Input data
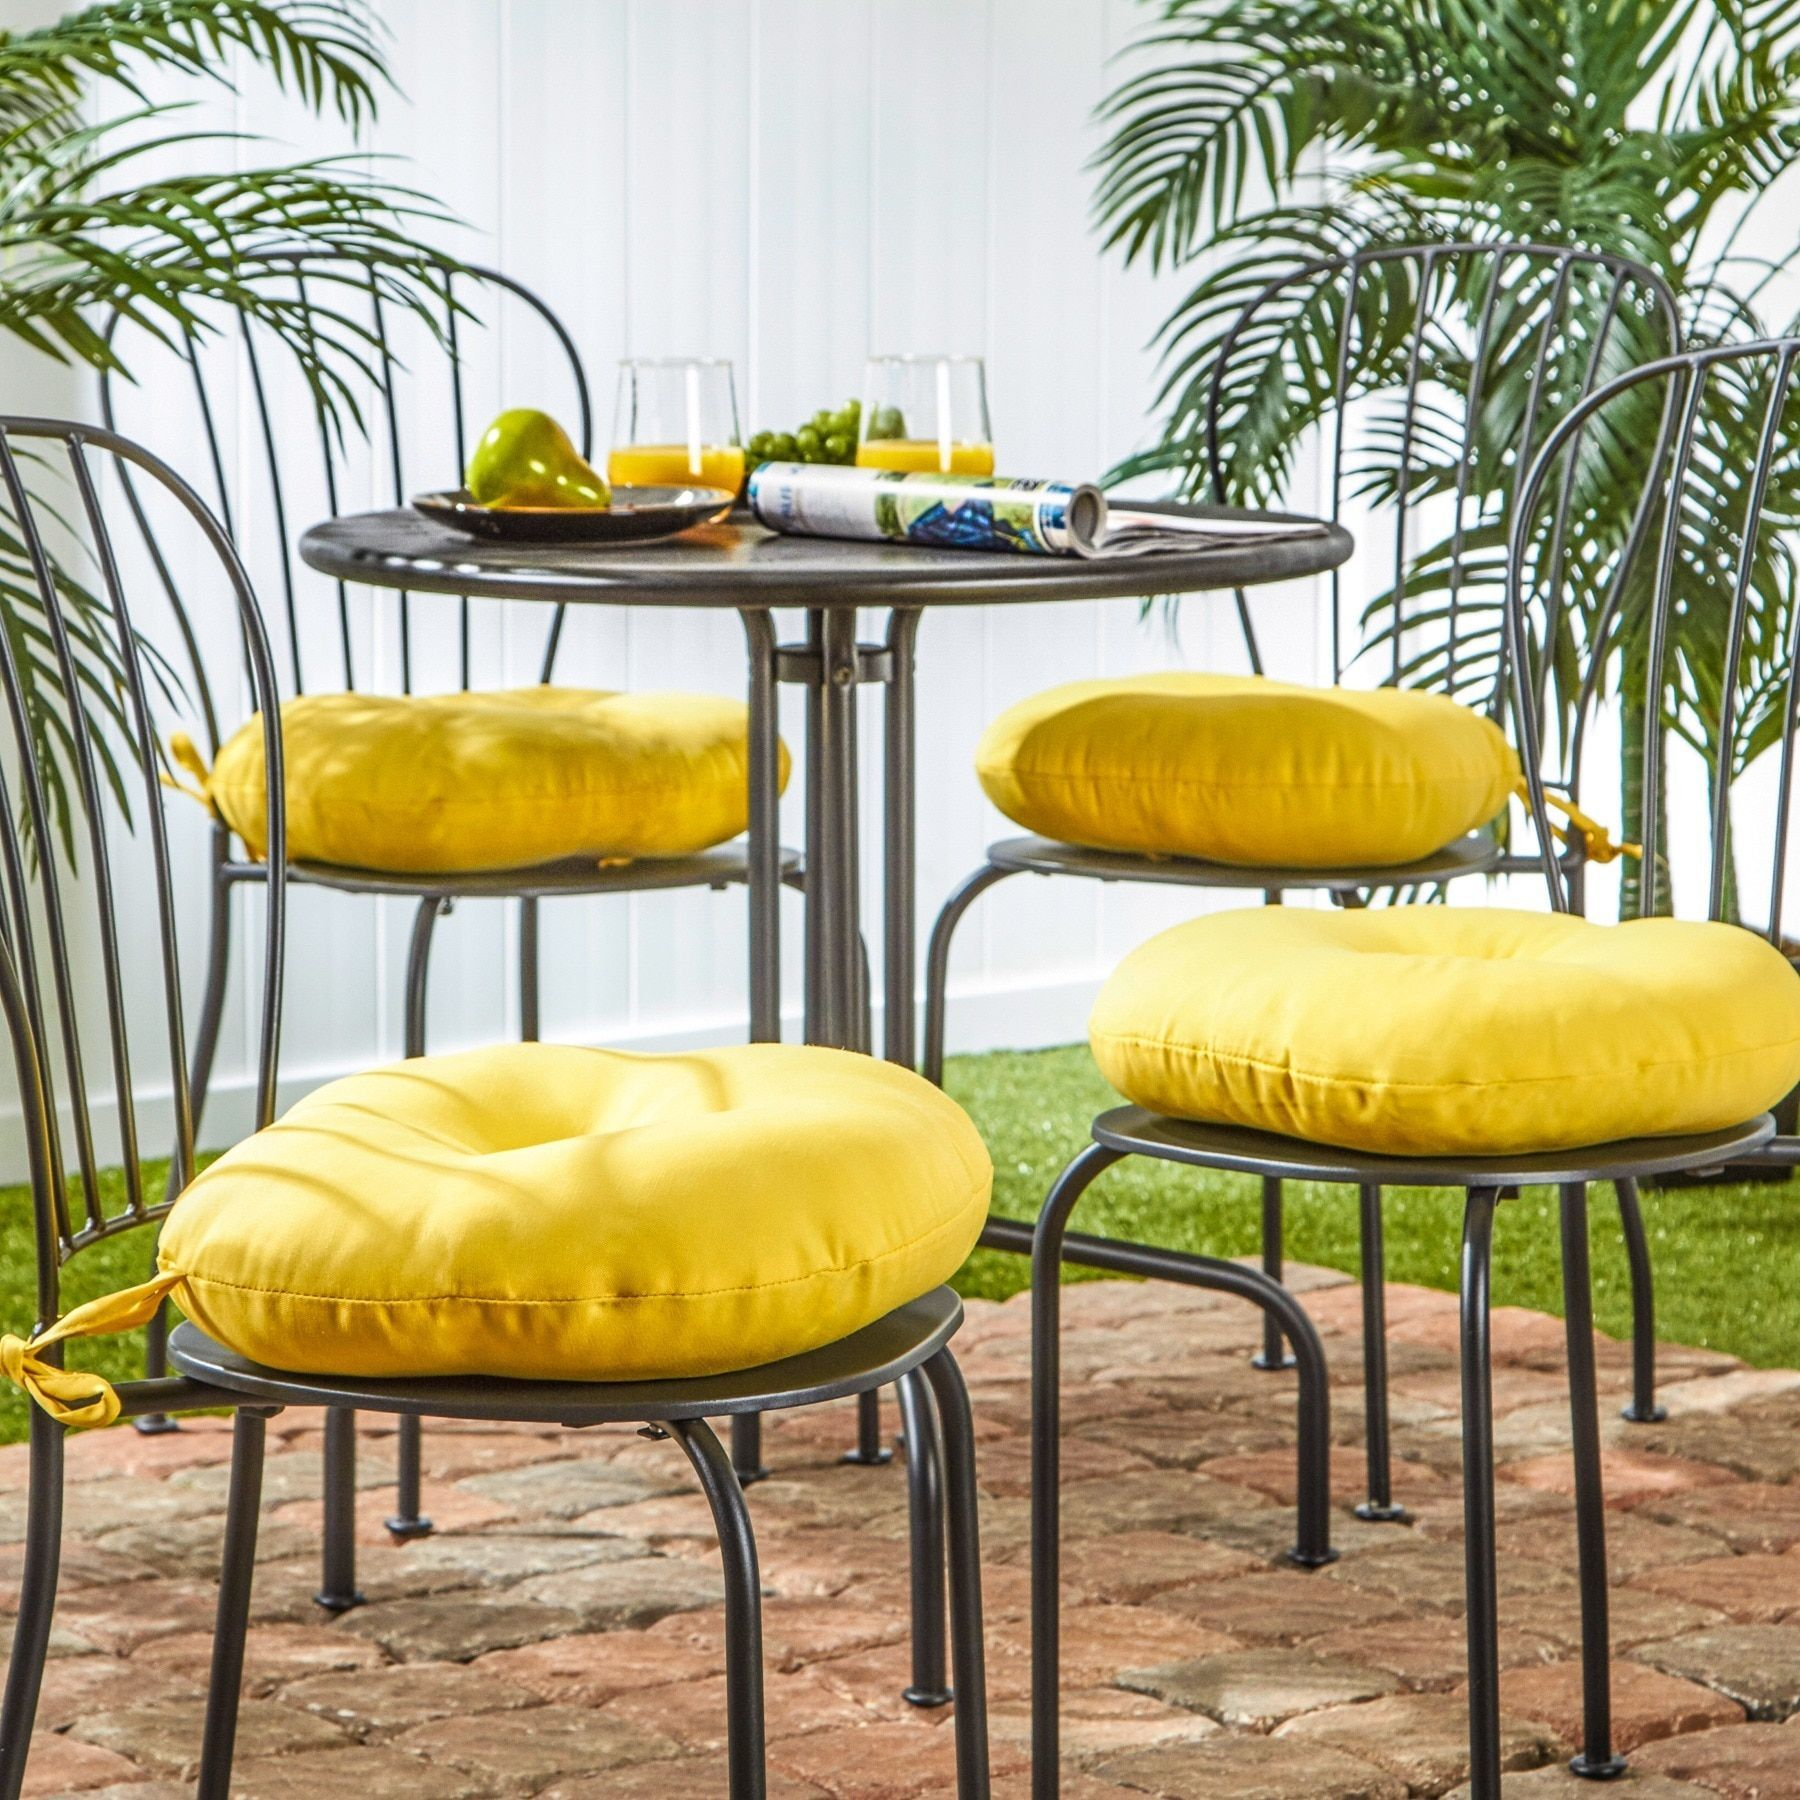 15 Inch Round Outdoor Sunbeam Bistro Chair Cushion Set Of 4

* * *

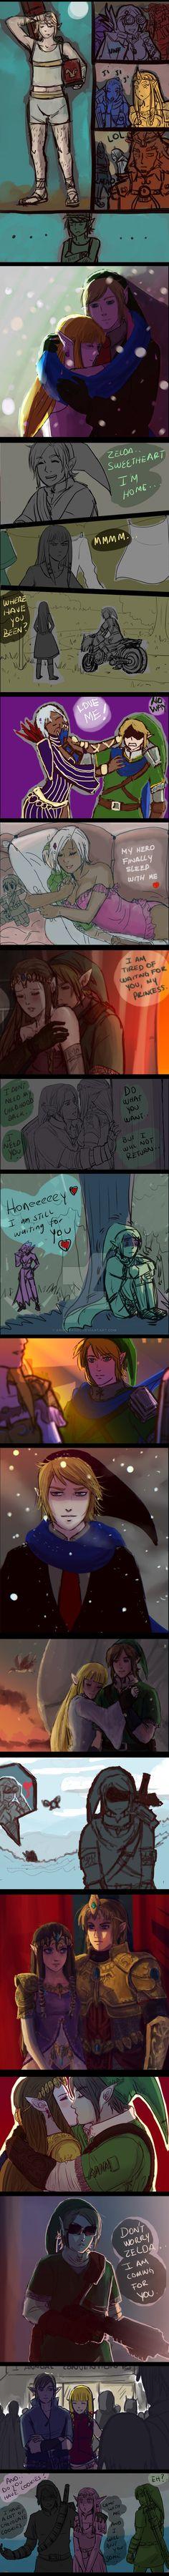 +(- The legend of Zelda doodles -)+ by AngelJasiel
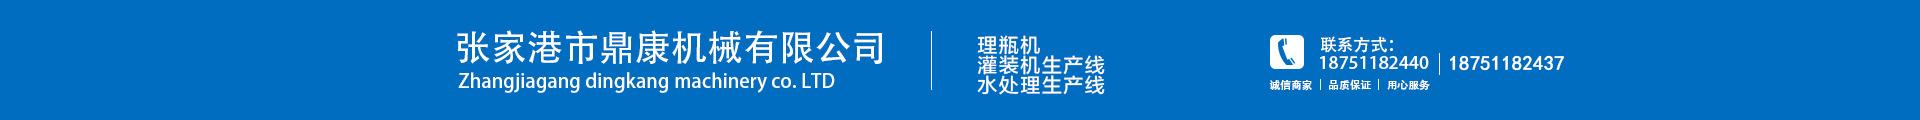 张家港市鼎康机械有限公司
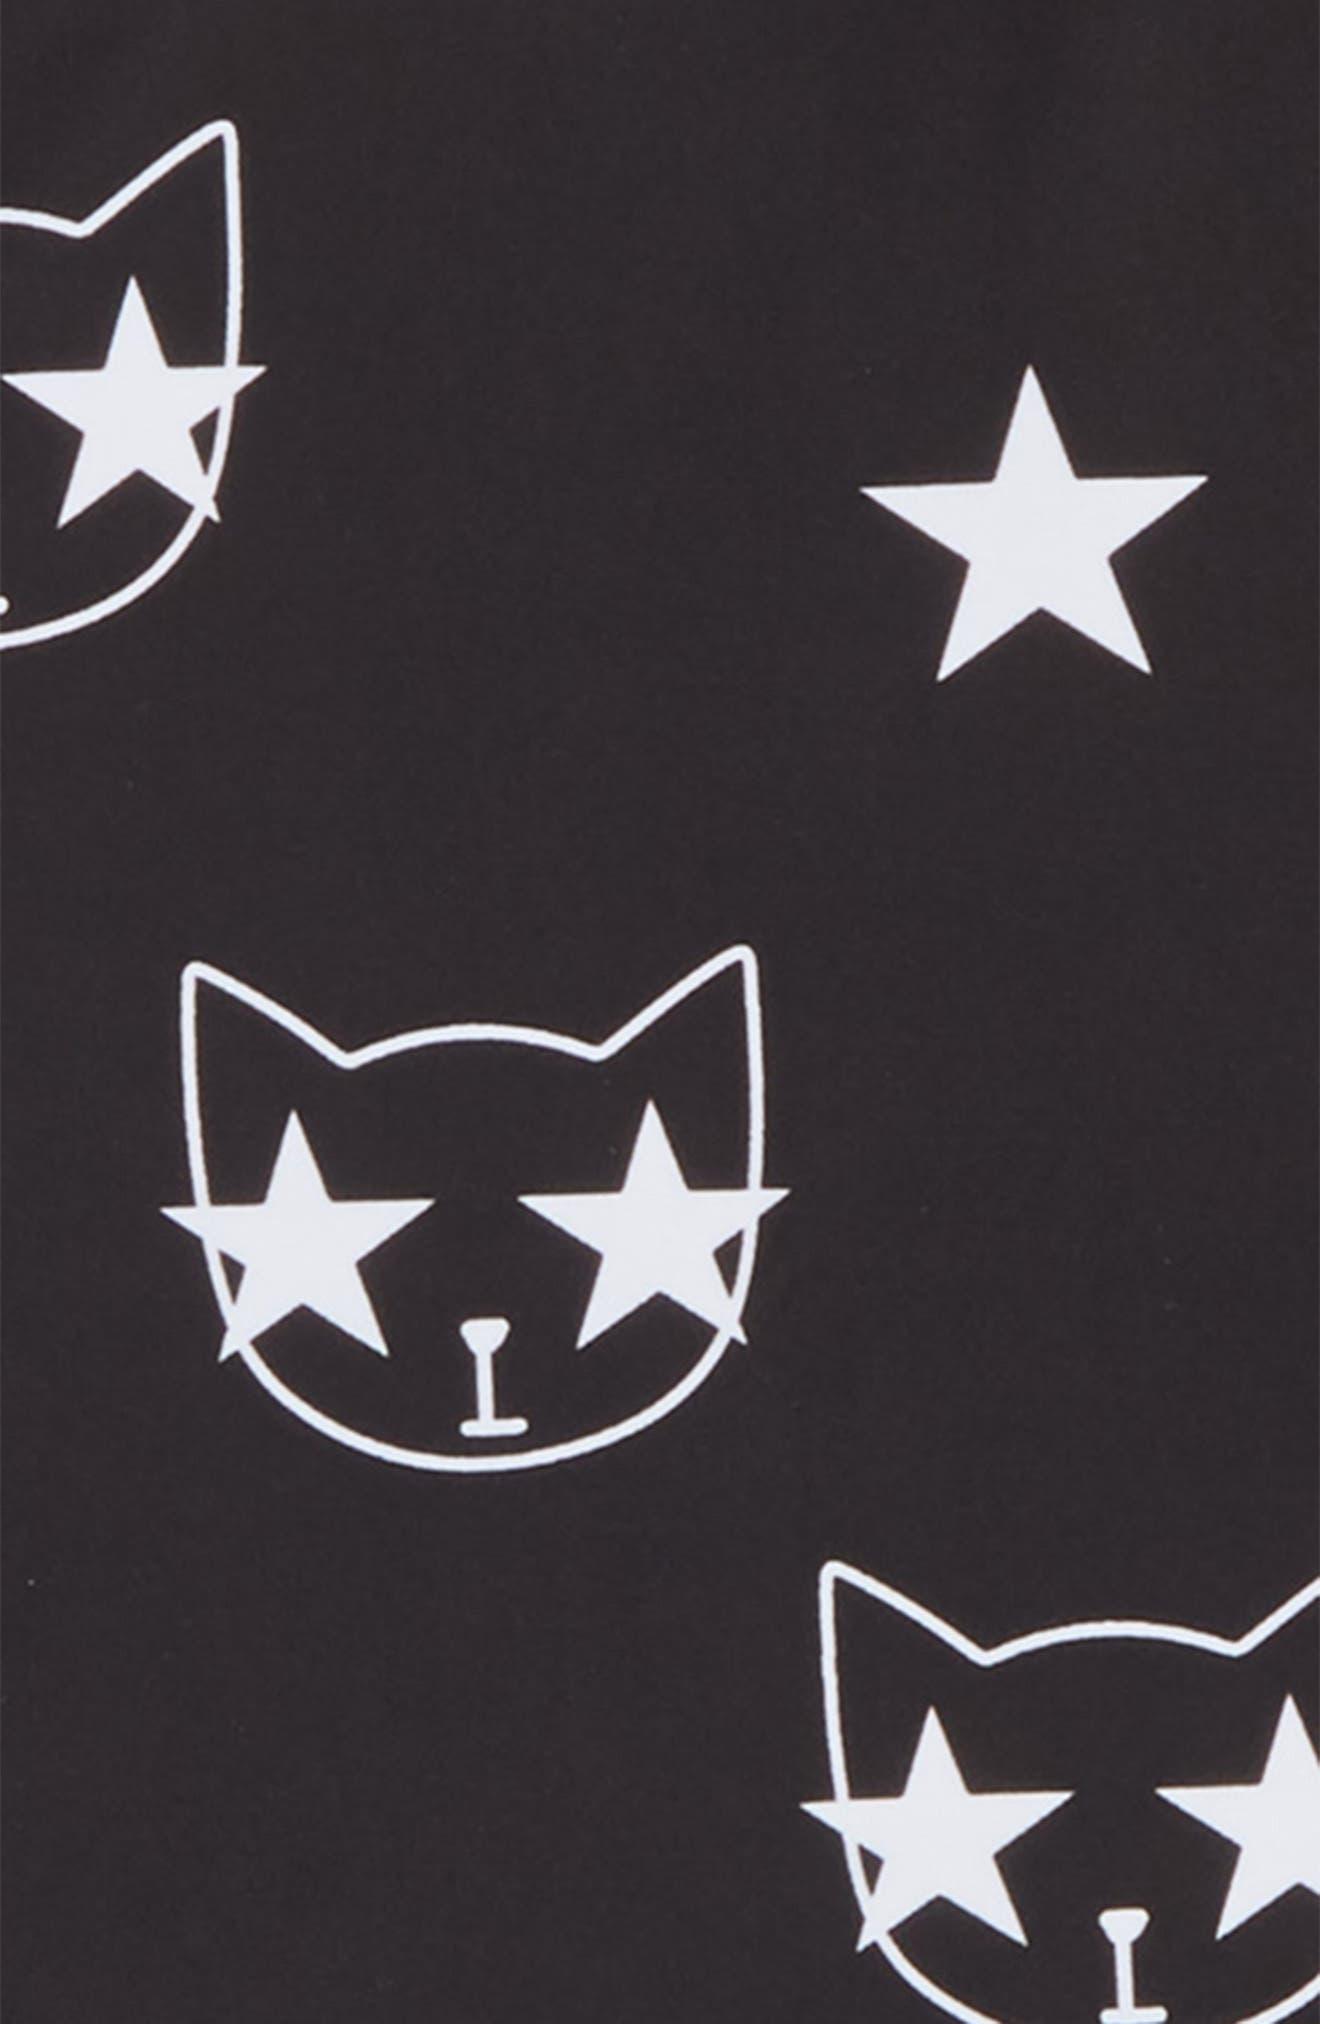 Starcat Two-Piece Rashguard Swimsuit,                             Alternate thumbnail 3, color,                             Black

--

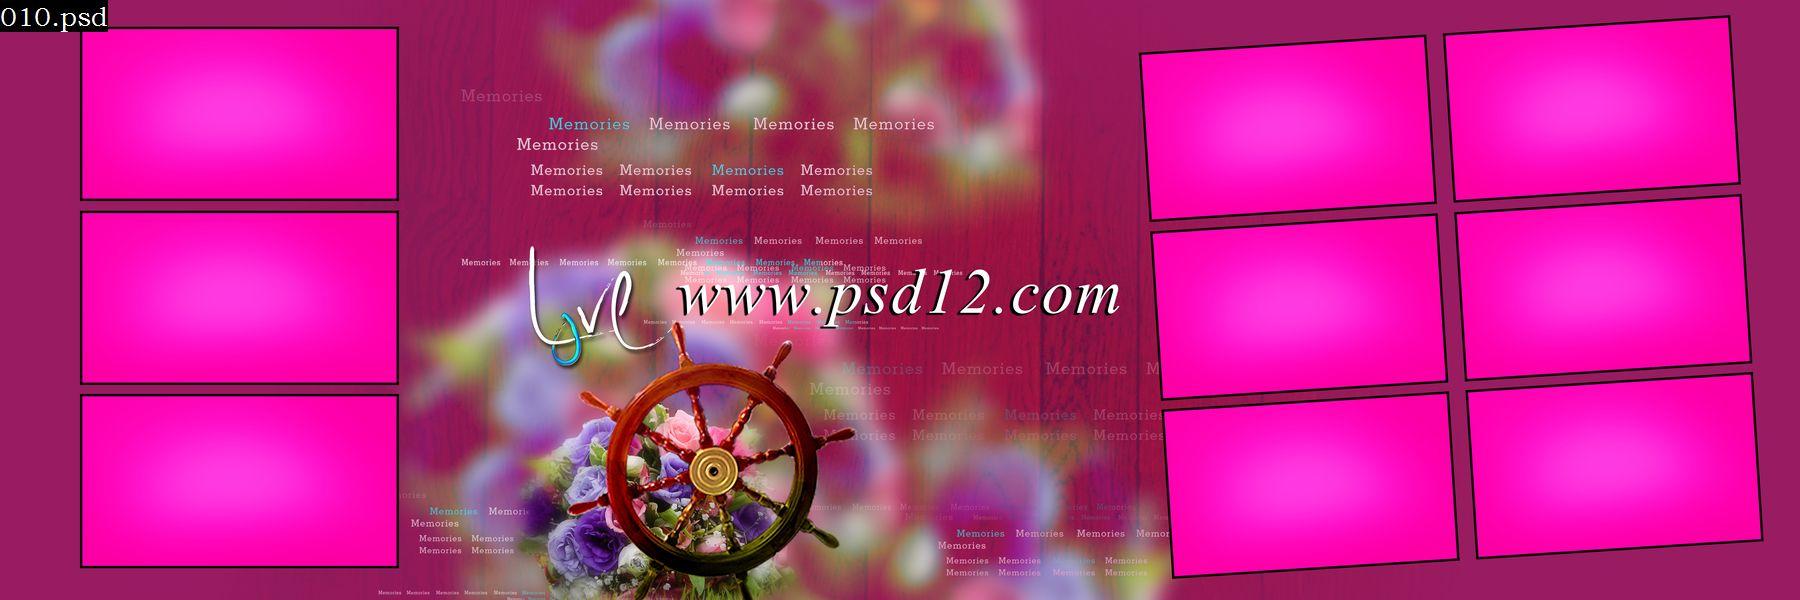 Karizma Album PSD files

Required work
Leaving out each picture, repeat exactly the lines above from the one that contains "-)+ by AngelJasiel" through the one that contains "Starcat Two-Piece Rashguard".

Answer area
 +(- The legend of Zelda doodles -)+ by AngelJasiel
 张家港市鼎康机械有限公司
 Starcat Two-Piece Rashguard Swimsuit,                             Alternate thumbnail 3, color,                             Black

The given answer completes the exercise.